# Feinter l'App Store, pour une même appli sur ses 2ibidules?



## Ardienn (20 Décembre 2011)

Slt à vous, 

J'ai une question. Je pense bientôt me prendre l'application : "les chevaliers de Baphomet- The Director's Cut HD". Or cette application coûte 2,99 euros sur iphone et 3,99 euros sur Ipad. 

Or depuis ios5 quand je télécharge une appli sur l'un de mes appareils, il est directement installé sur l'autre (iphone et ipad). 

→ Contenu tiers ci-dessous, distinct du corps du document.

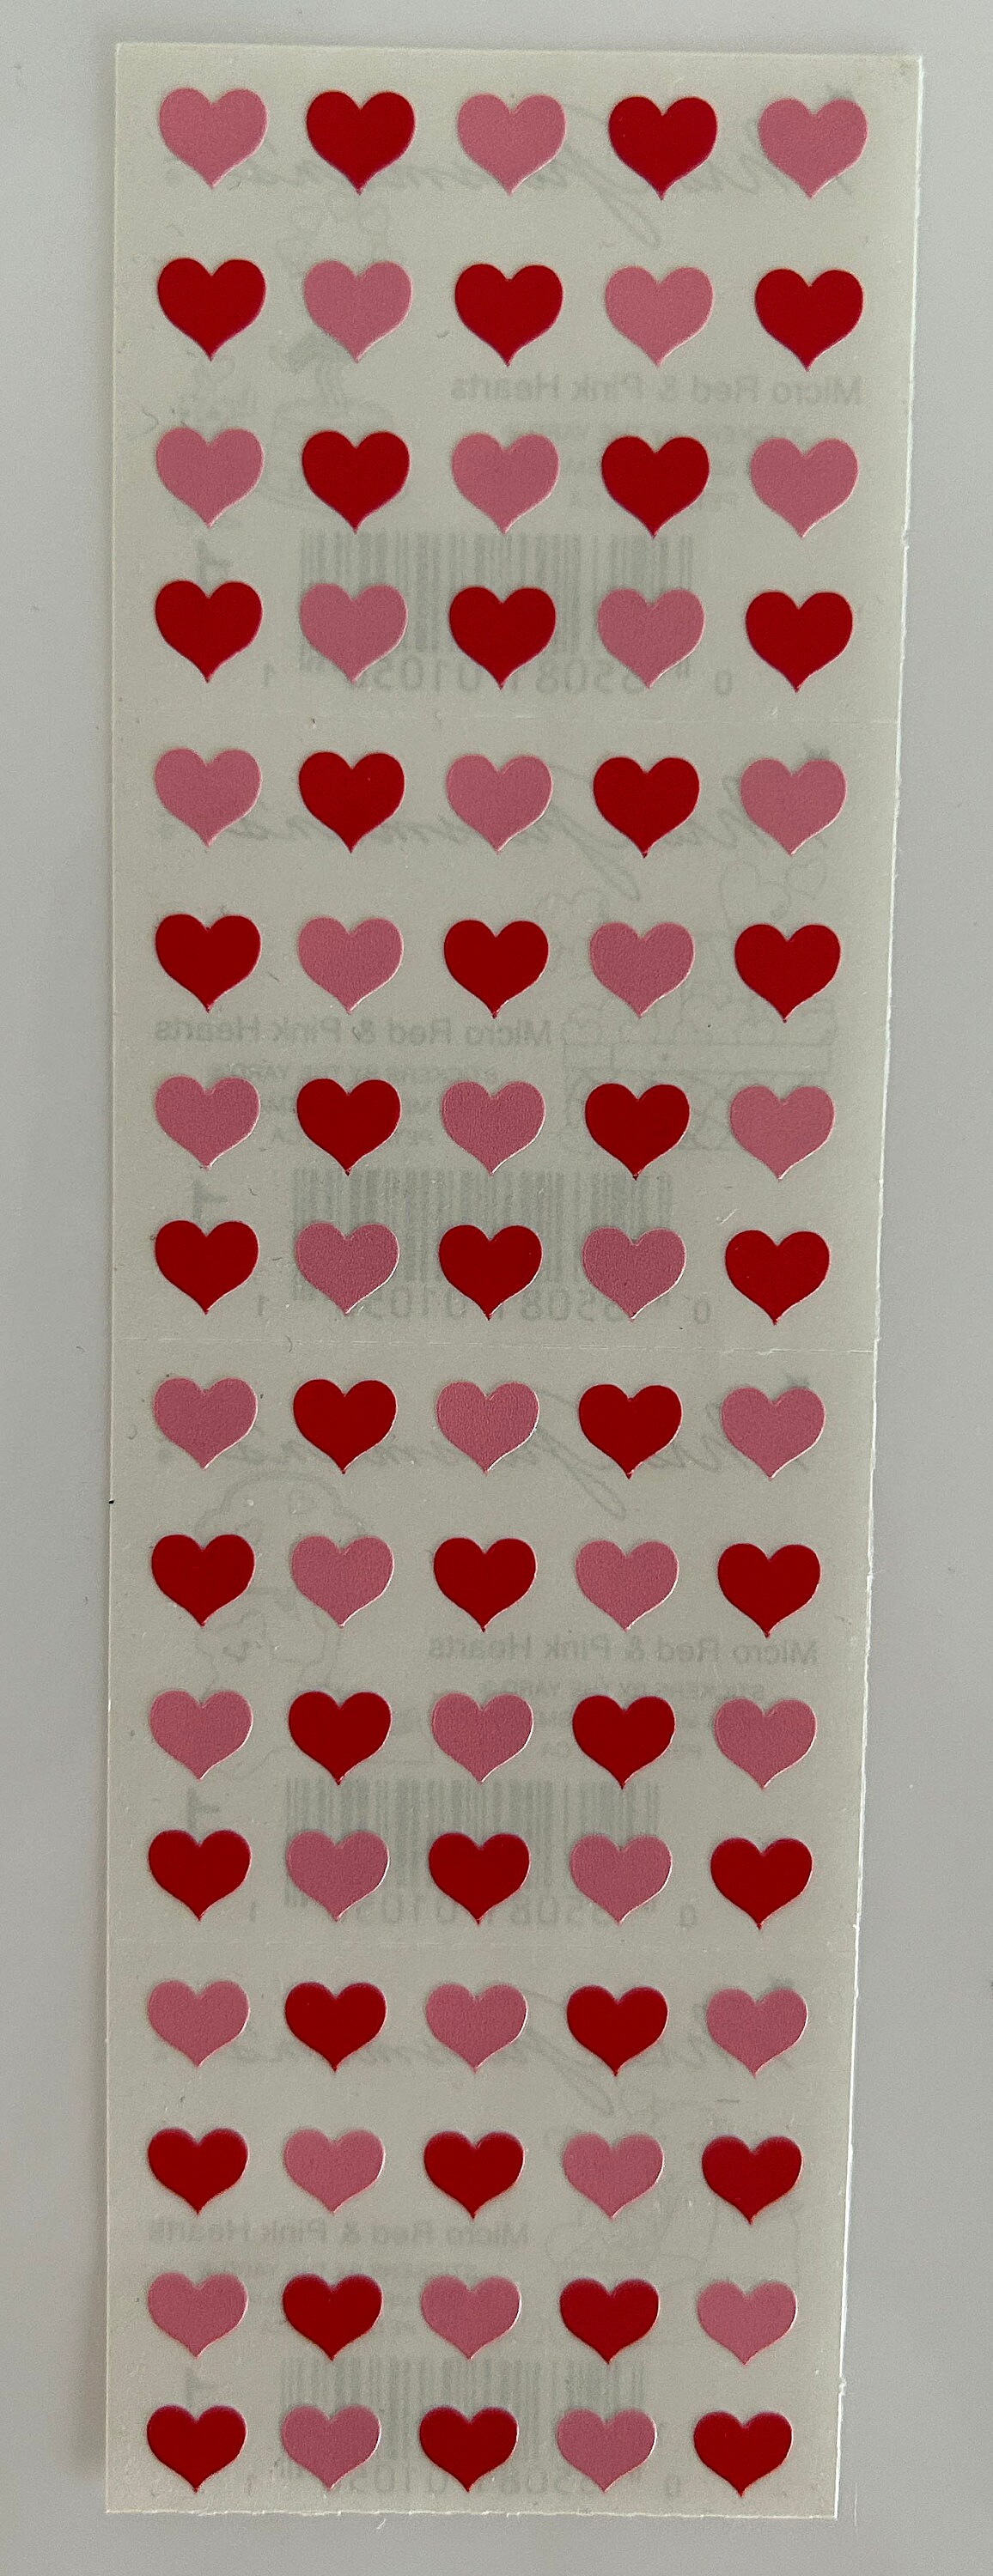 18 Sheets/1512 Pcs Colorful Small Heart Stickers Self Adhesive Mini Heart  Stickers for Scrapbooking Embellishment Valentine's Day Love Decorative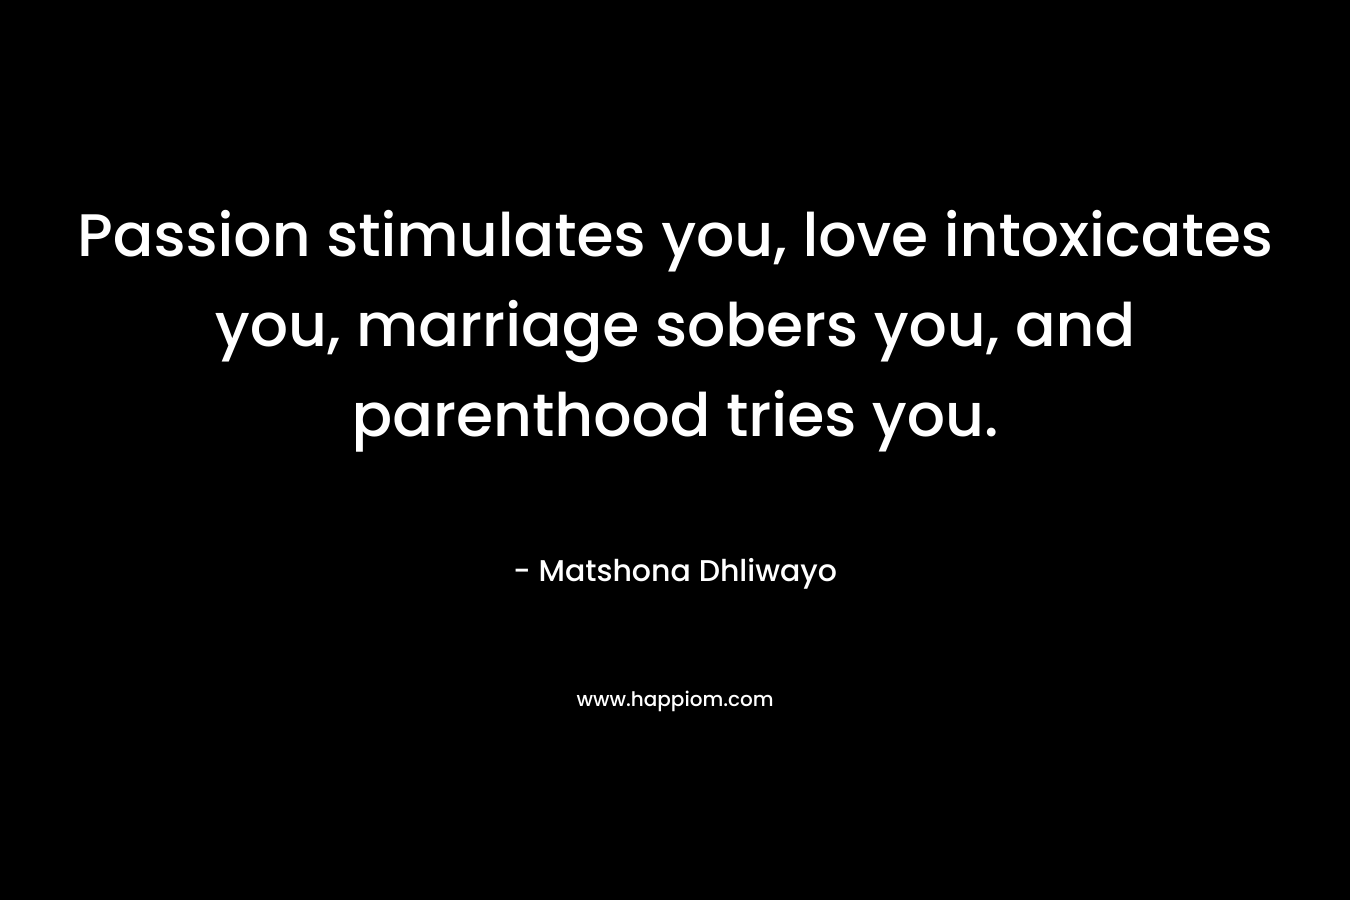 Passion stimulates you, love intoxicates you, marriage sobers you, and parenthood tries you. – Matshona Dhliwayo

Que faire? si j'achète la version sur iphone à 2,99 est ce que j'aurai l'appli (a 3,99) directement sur ipad en économisant 1 euro? Ou la version iphone sur ipad?


----------



## pepeye66 (21 Décembre 2011)

Si tu achètes l'appli iphone tu pourras la visionner sur ton ipad...Mais avec la définition iphone ! (à la limite tu pourras doubler l'écran...Mais pas sur)
Si tu veux l'appli spécialement adaptée à l'ipad il te faudra repayer !


----------



## Ardienn (21 Décembre 2011)

Ok, merci pour l'info. Donc autant prendre l'appli ipad pour l'avoir sur iphone.


----------